[Opening Input data section]
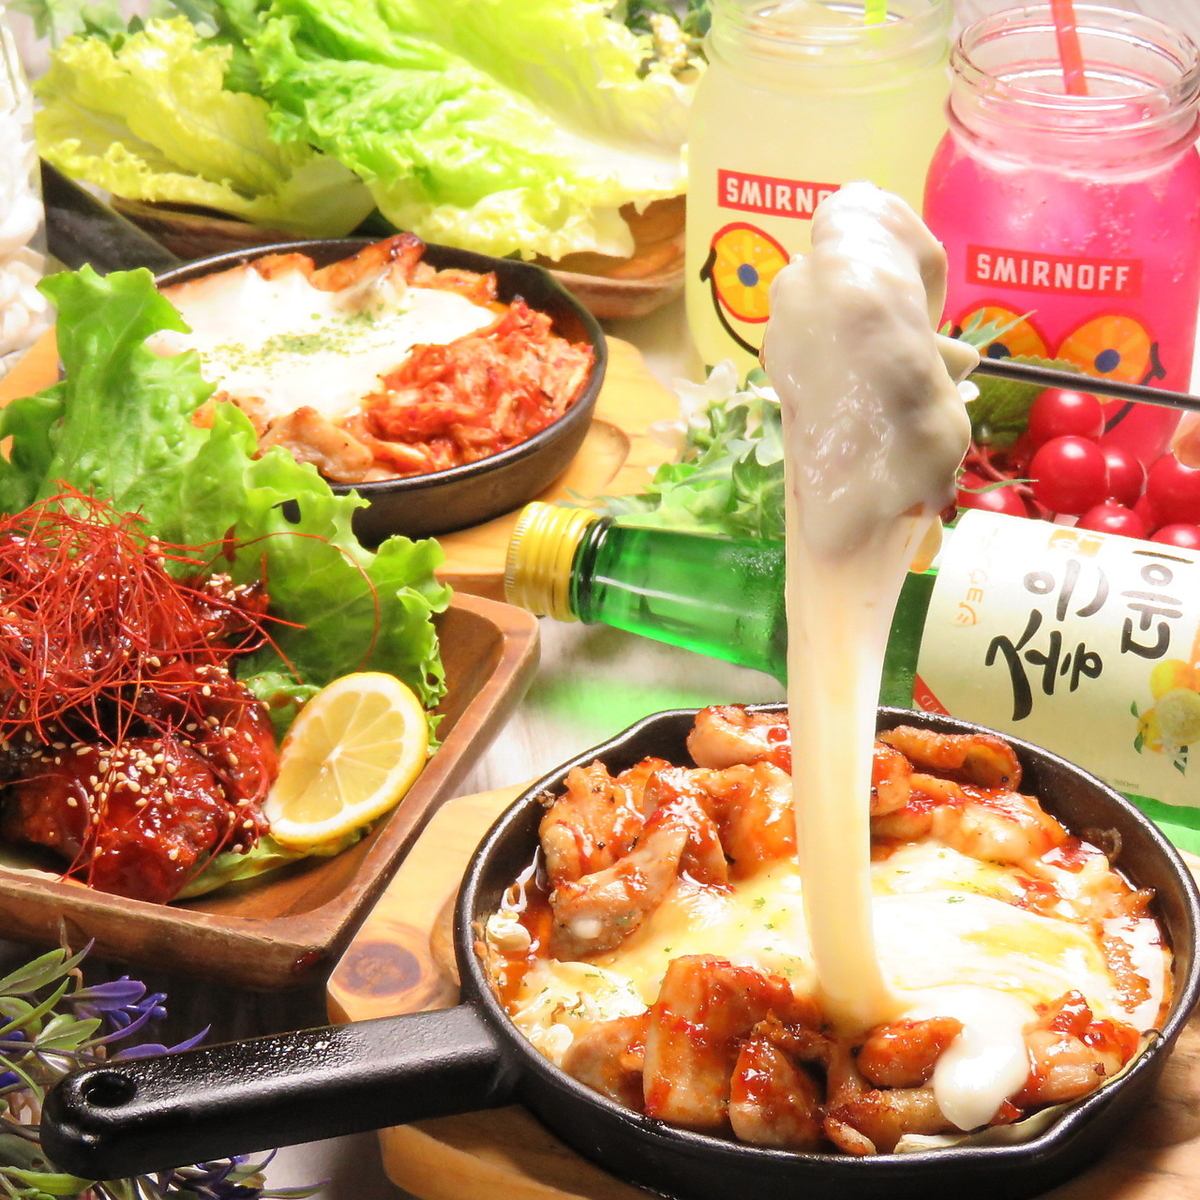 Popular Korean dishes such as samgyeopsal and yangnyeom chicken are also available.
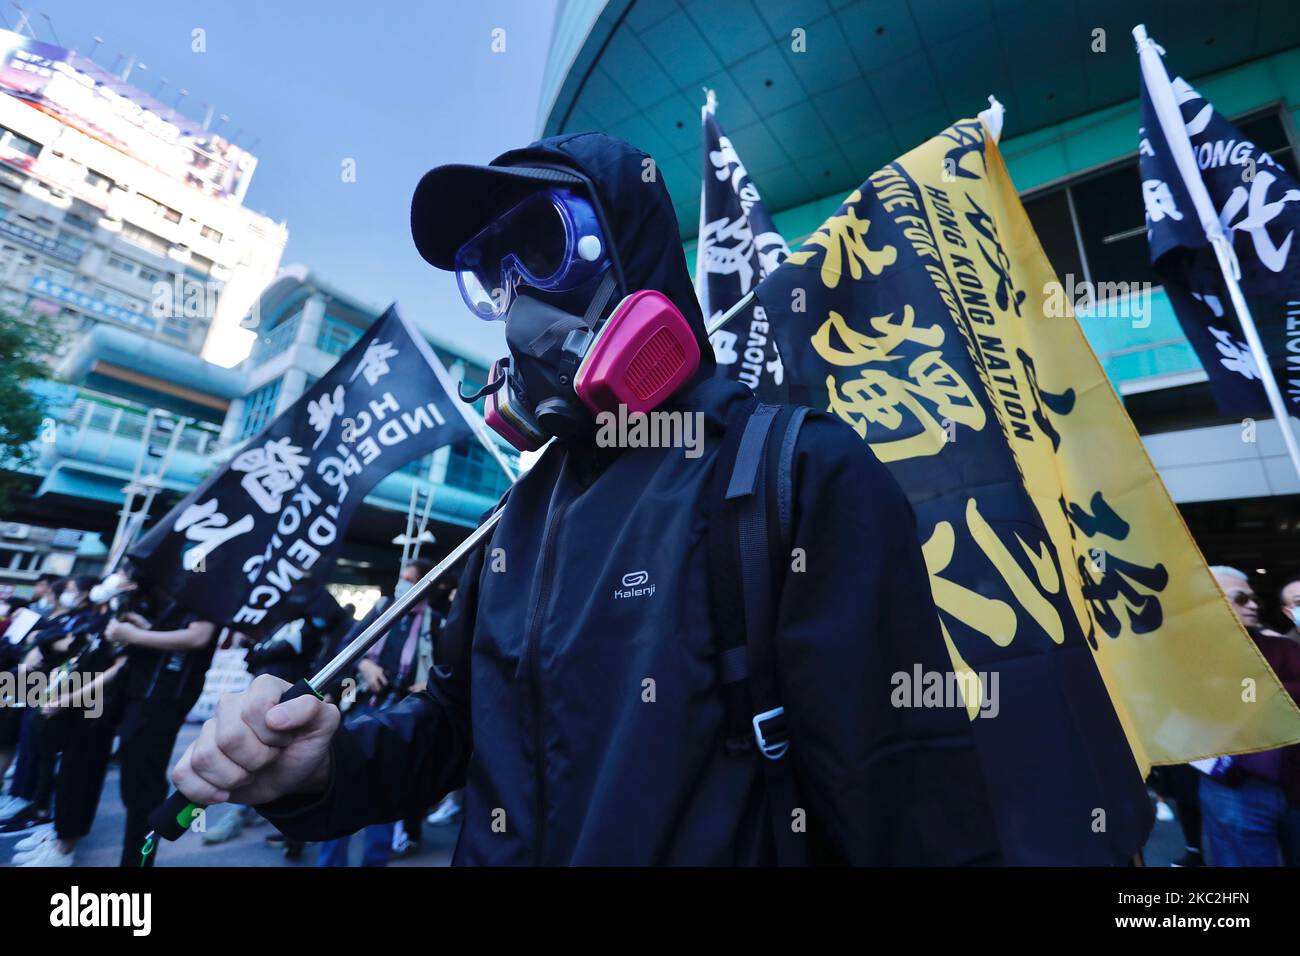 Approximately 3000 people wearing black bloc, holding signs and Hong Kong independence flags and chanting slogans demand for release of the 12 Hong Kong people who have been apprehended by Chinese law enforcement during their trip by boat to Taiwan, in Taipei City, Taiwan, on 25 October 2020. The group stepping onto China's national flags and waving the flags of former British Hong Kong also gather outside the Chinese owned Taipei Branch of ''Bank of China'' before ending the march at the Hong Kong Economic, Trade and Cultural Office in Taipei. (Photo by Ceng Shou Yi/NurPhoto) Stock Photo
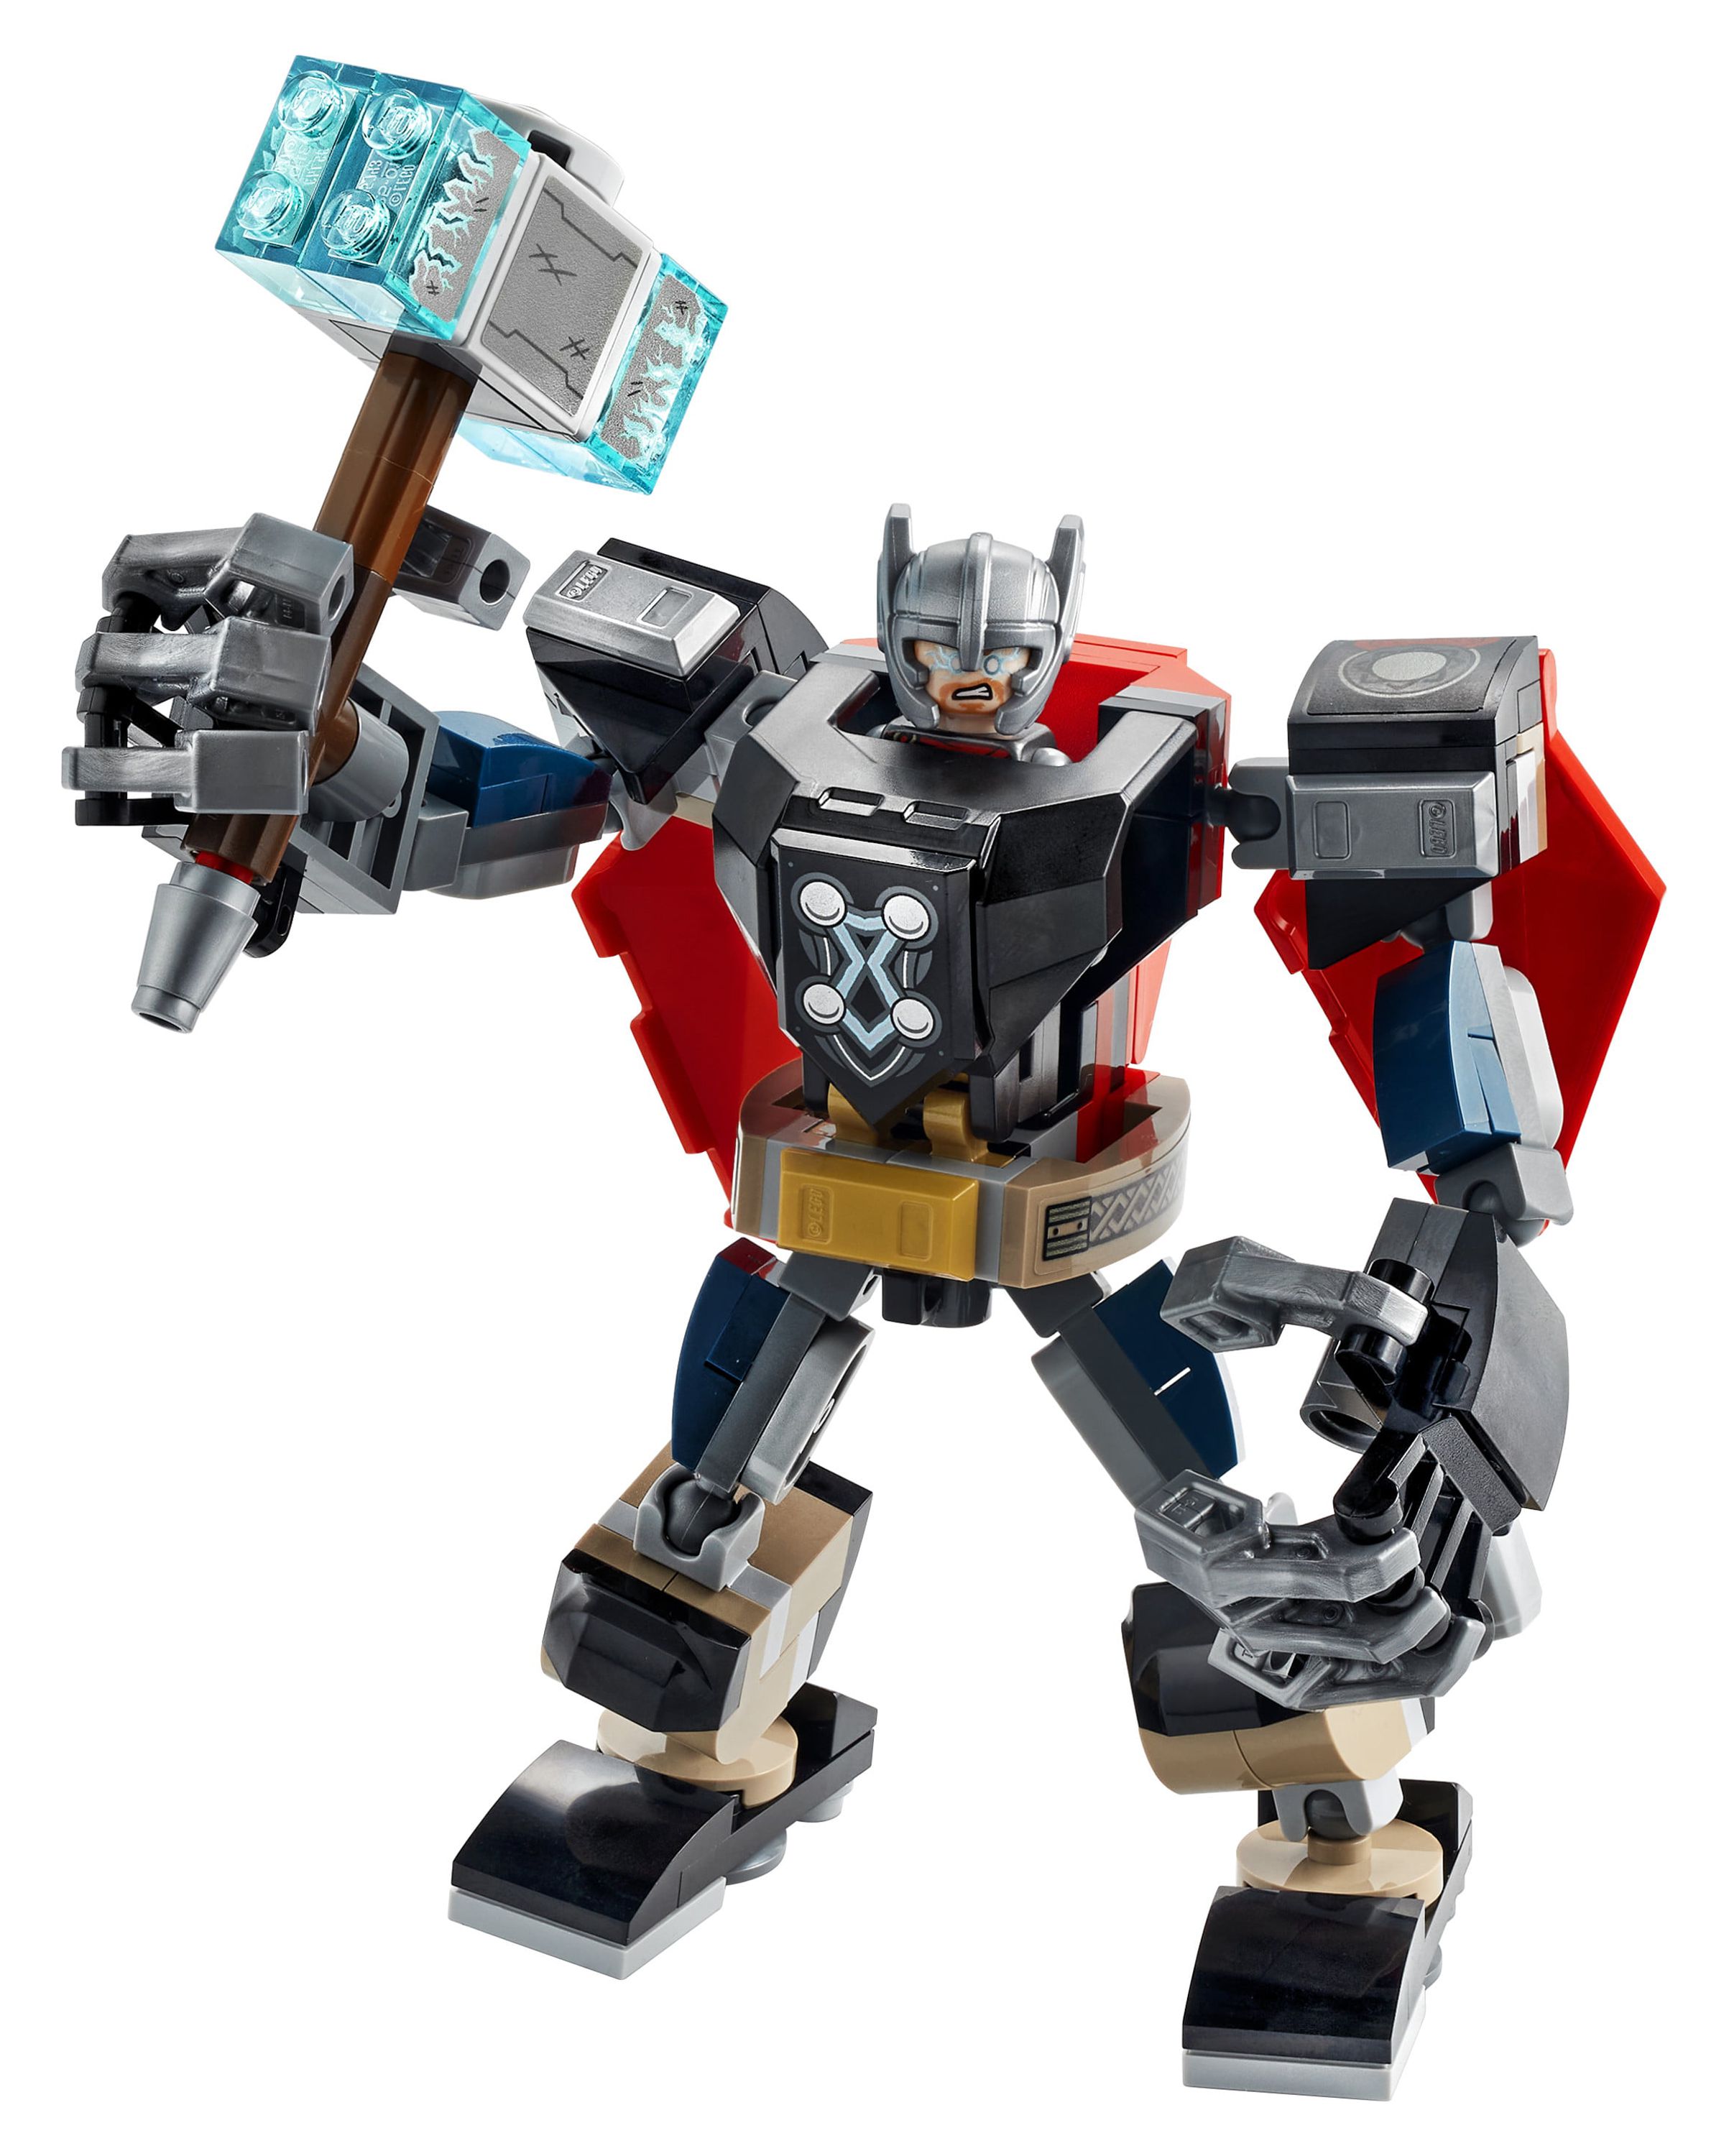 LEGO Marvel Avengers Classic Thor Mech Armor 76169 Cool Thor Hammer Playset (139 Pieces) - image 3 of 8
[Closing Input data section]
### Requirement
Set the whole listing down again unchanged, apart from the pictures, which are omitted.

### Result of this exercise
 Popular Korean dishes such as samgyeopsal and yangnyeom chicken are also available.
 Approximately 3000 people wearing black bloc, holding signs and Hong Kong independence flags and chanting slogans demand for release of the 12 Hong Kong people who have been apprehended by Chinese law enforcement during their trip by boat to Taiwan, in Taipei City, Taiwan, on 25 October 2020. The group stepping onto China's national flags and waving the flags of former British Hong Kong also gather outside the Chinese owned Taipei Branch of ''Bank of China'' before ending the march at the Hong Kong Economic, Trade and Cultural Office in Taipei. (Photo by Ceng Shou Yi/NurPhoto) Stock Photo
 LEGO Marvel Avengers Classic Thor Mech Armor 76169 Cool Thor Hammer Playset (139 Pieces) - image 3 of 8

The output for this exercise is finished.